SOURCE DATA —
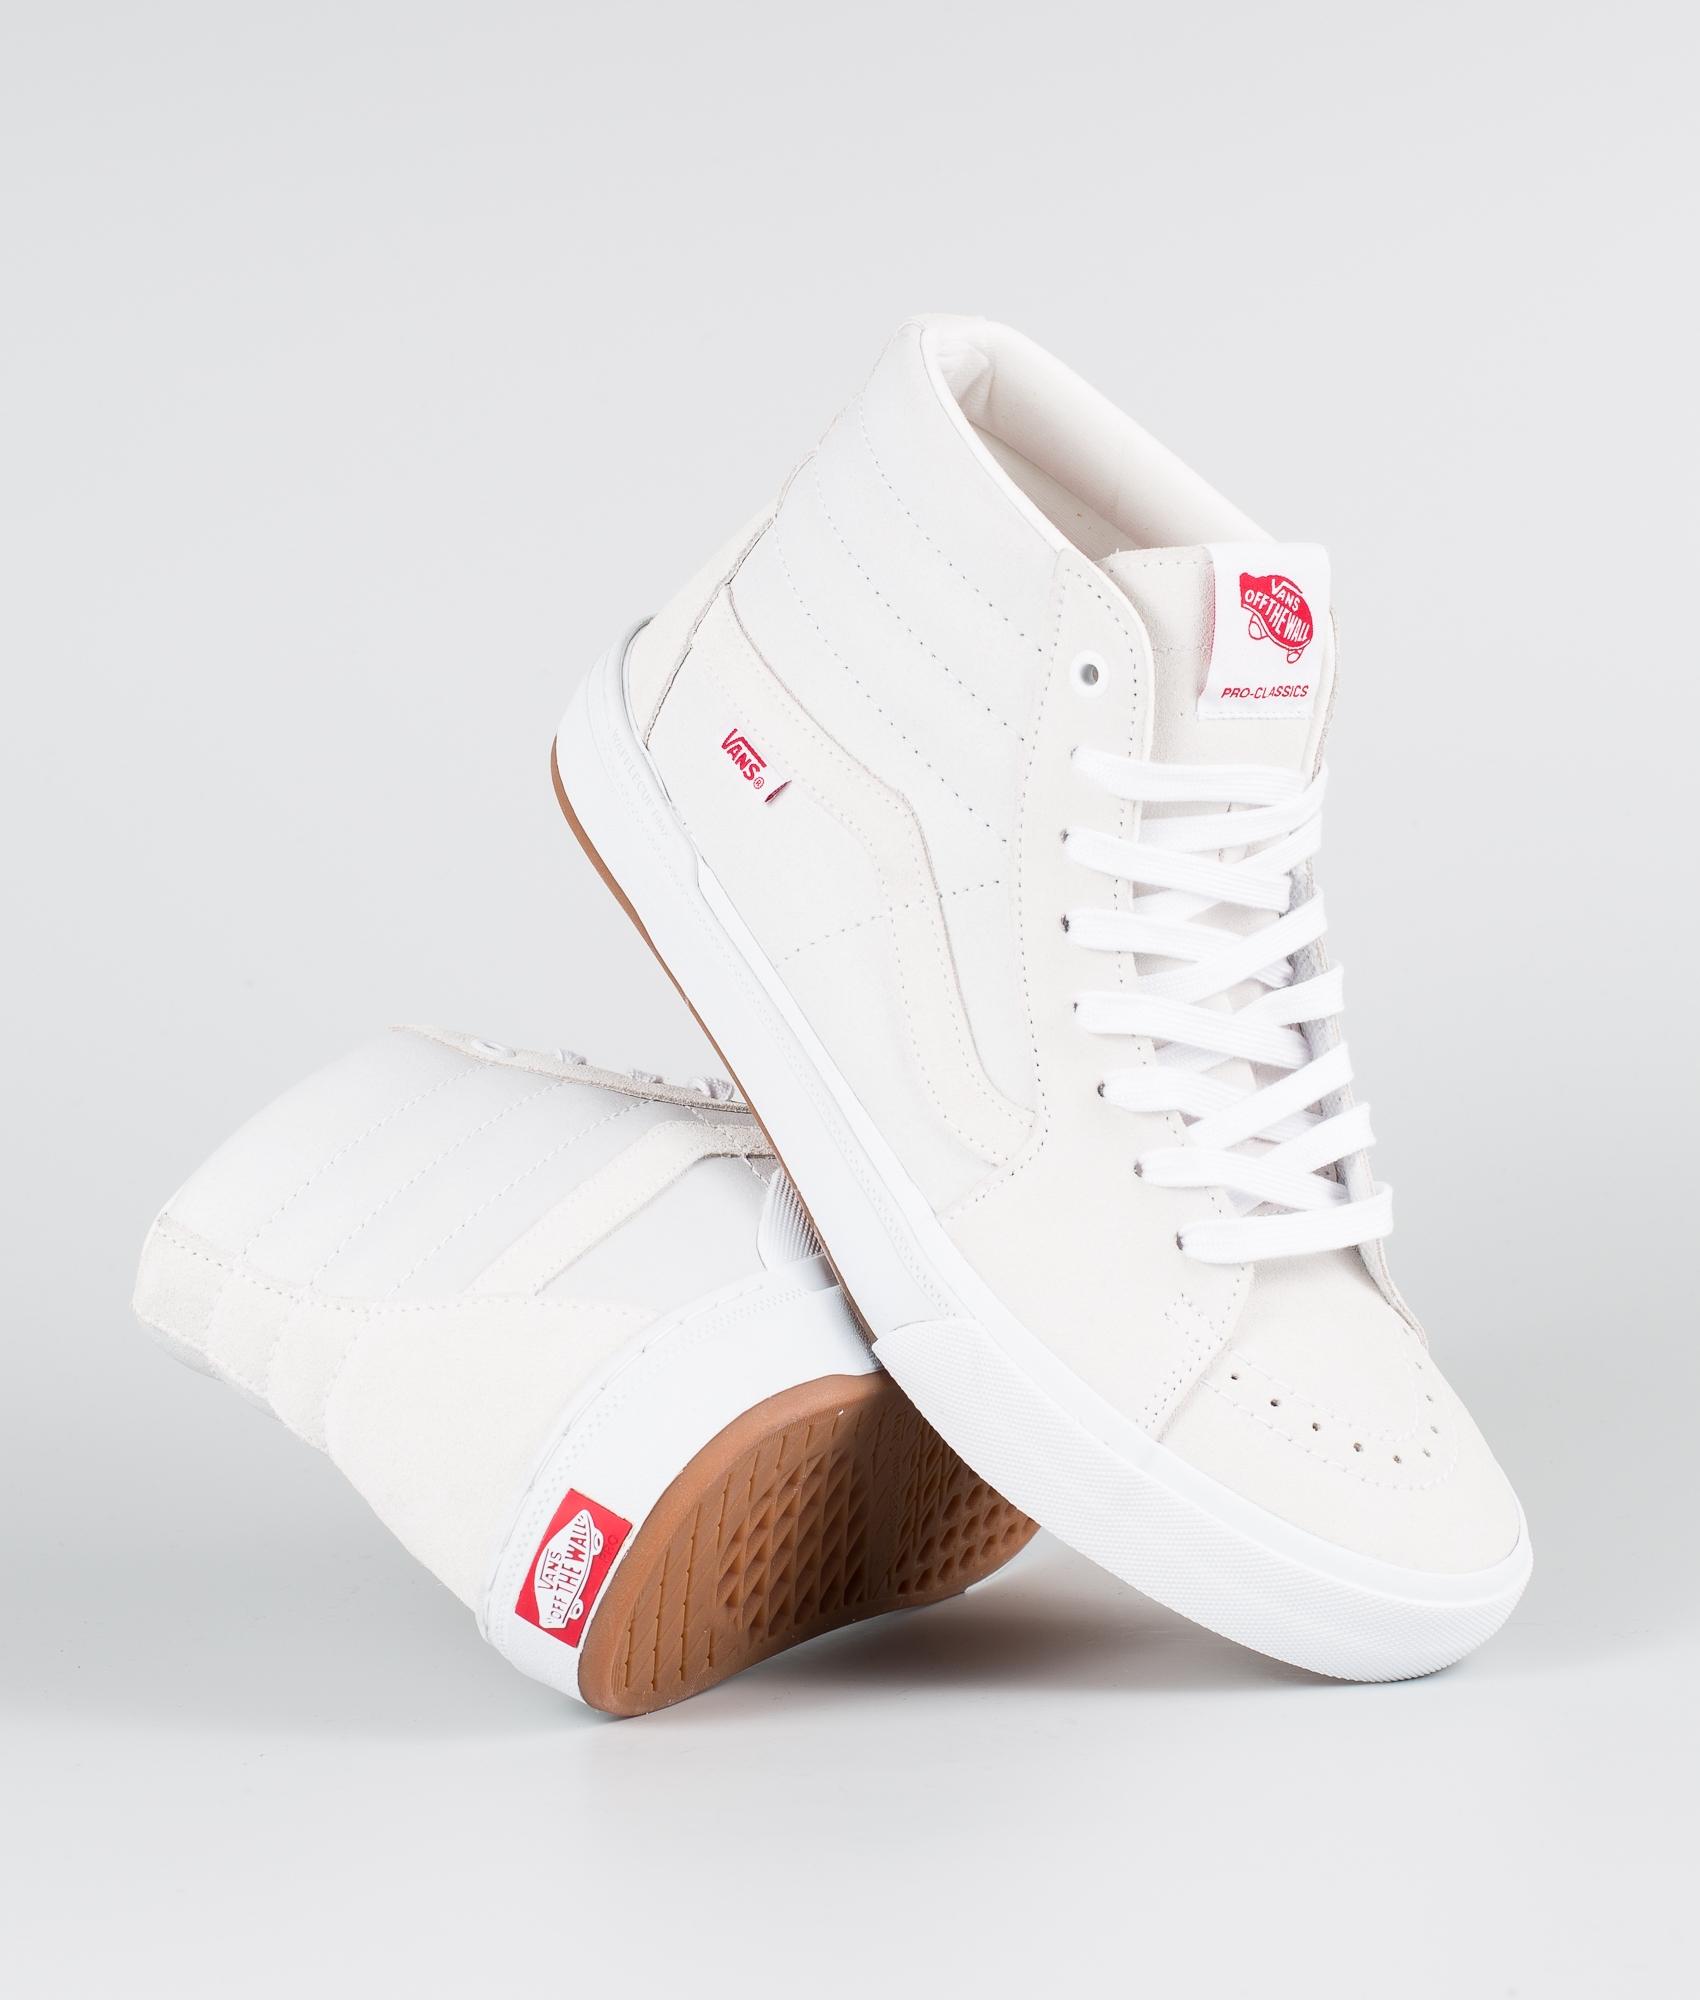 Vans Sk8-Hi Pro Bmx Shoes (Scotty Cranmer) White
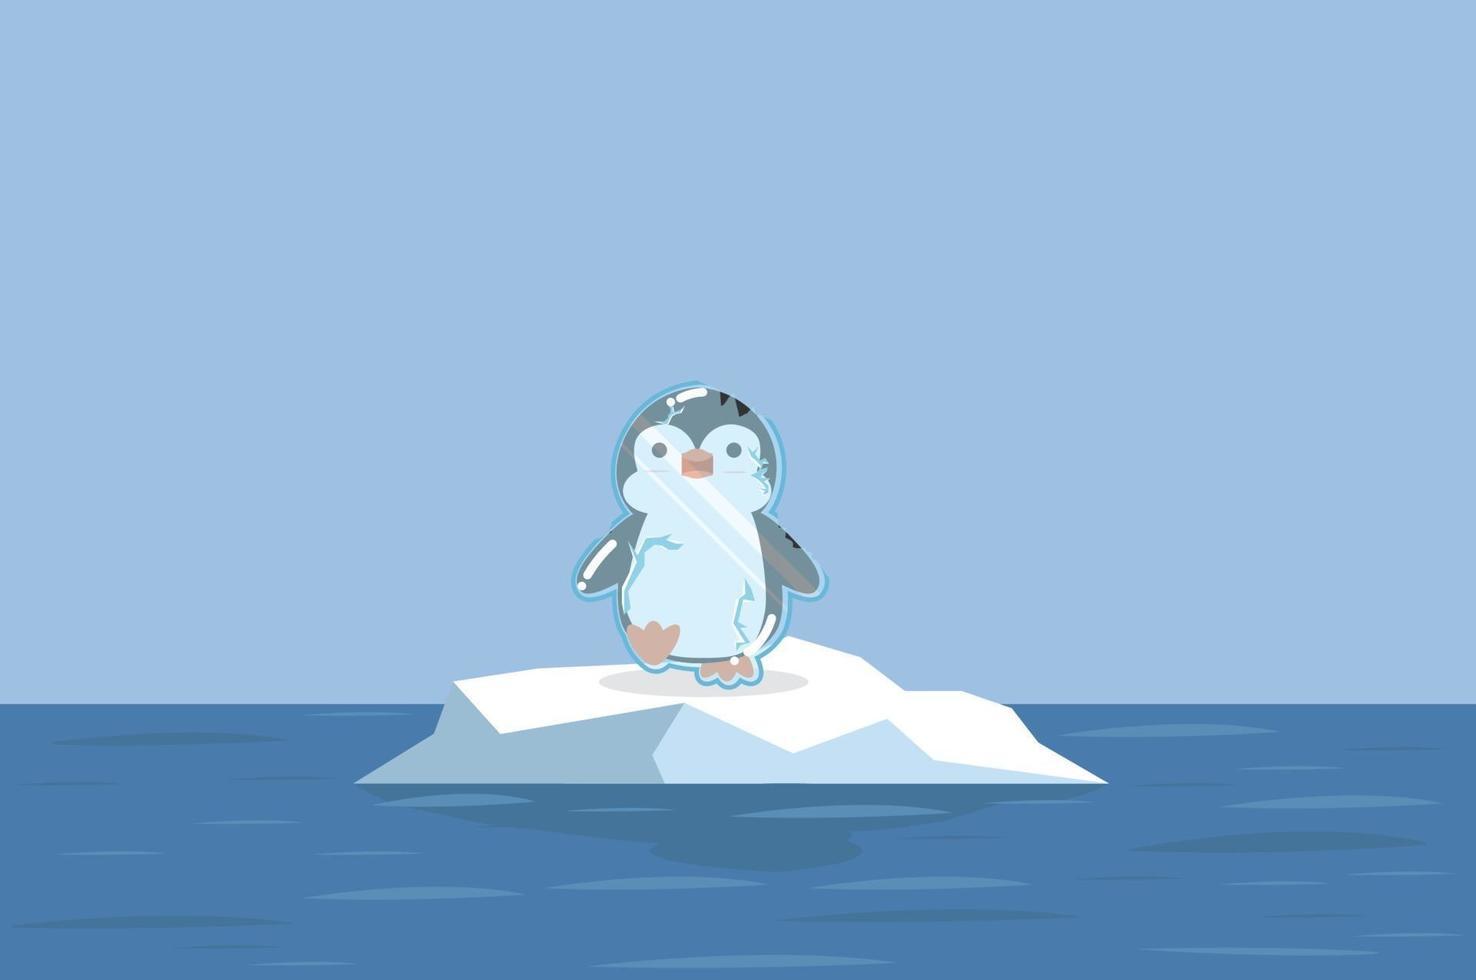 pinguim fofo congelado com pólo norte ártico vetor
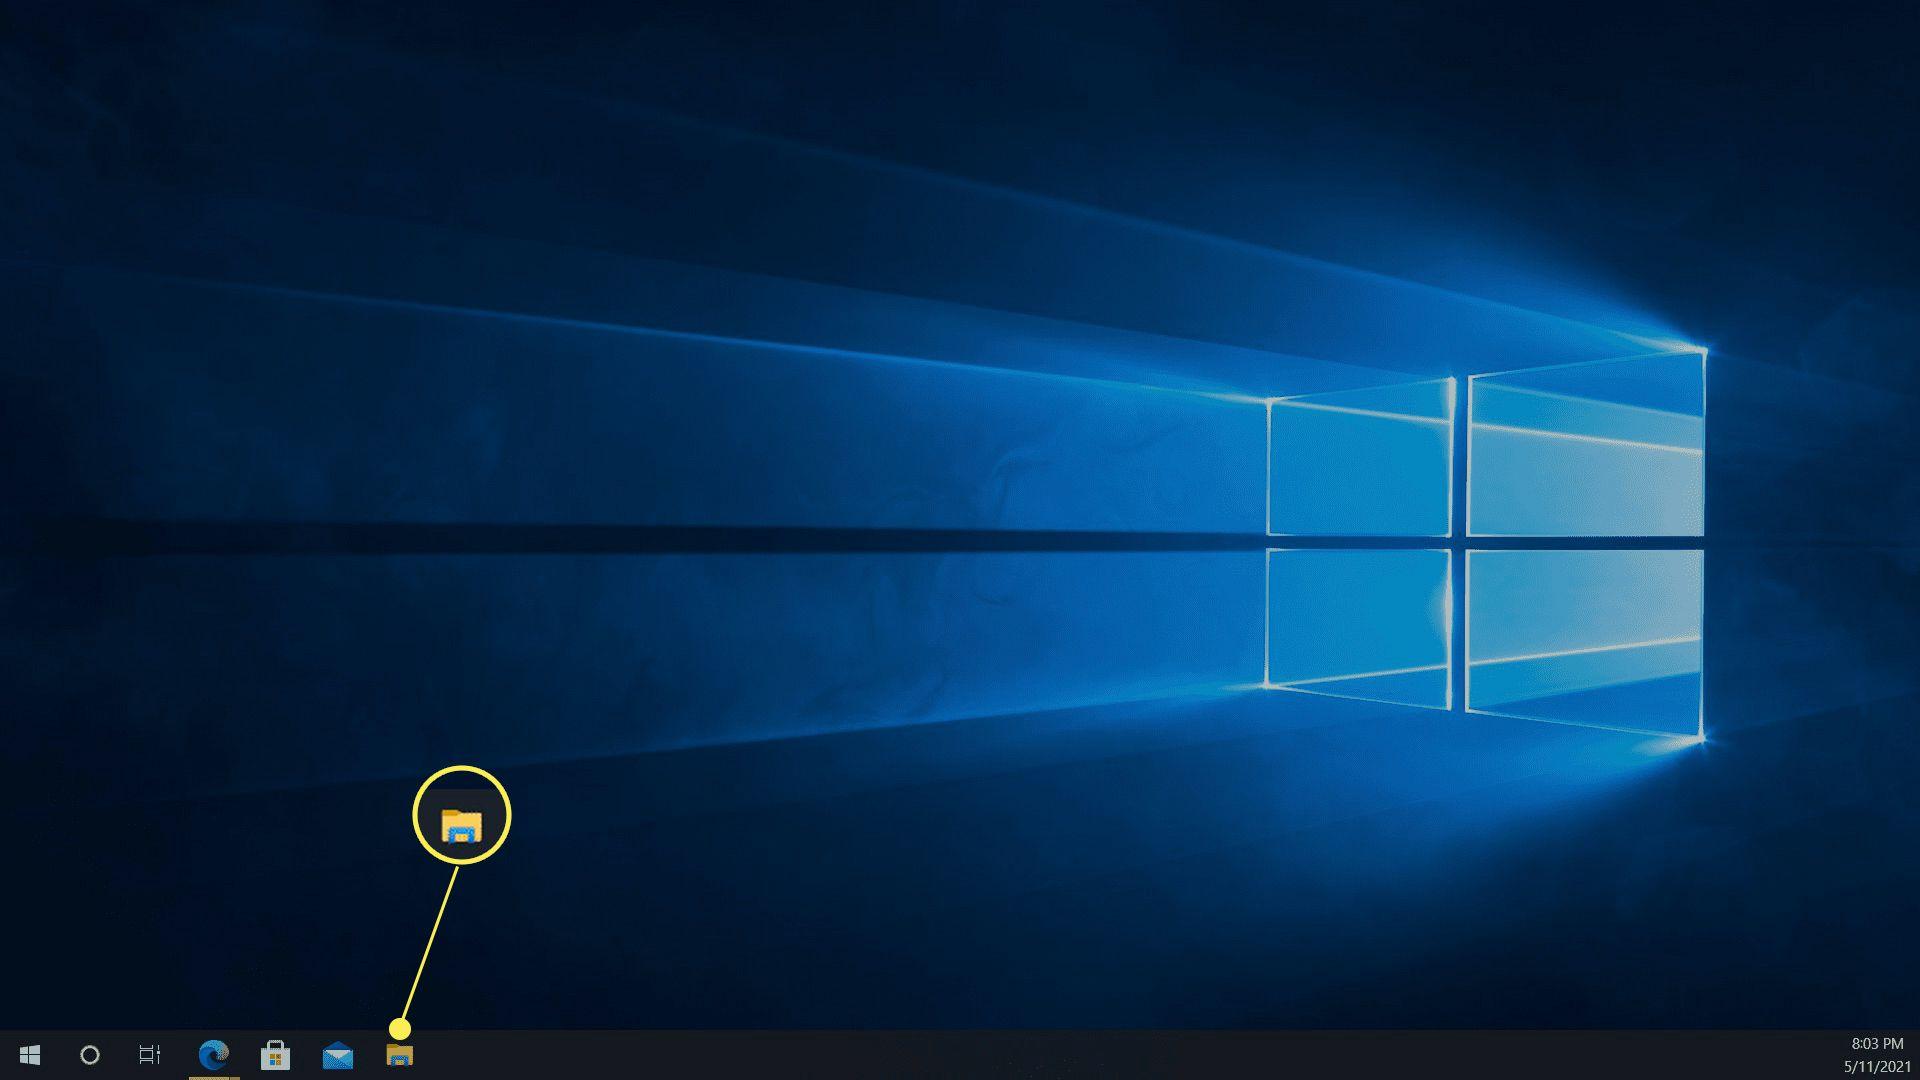 The File Explorer shortcut highlighted on the Windows 10 taskbar.

WHAT YOU SHOULD DO — The required output is the listing above reproduced exactly, pictures removed.

WRITTEN RESPONSE —
 Vans Sk8-Hi Pro Bmx Shoes (Scotty Cranmer) White
 pinguim fofo congelado com pólo norte ártico vetor
 The File Explorer shortcut highlighted on the Windows 10 taskbar.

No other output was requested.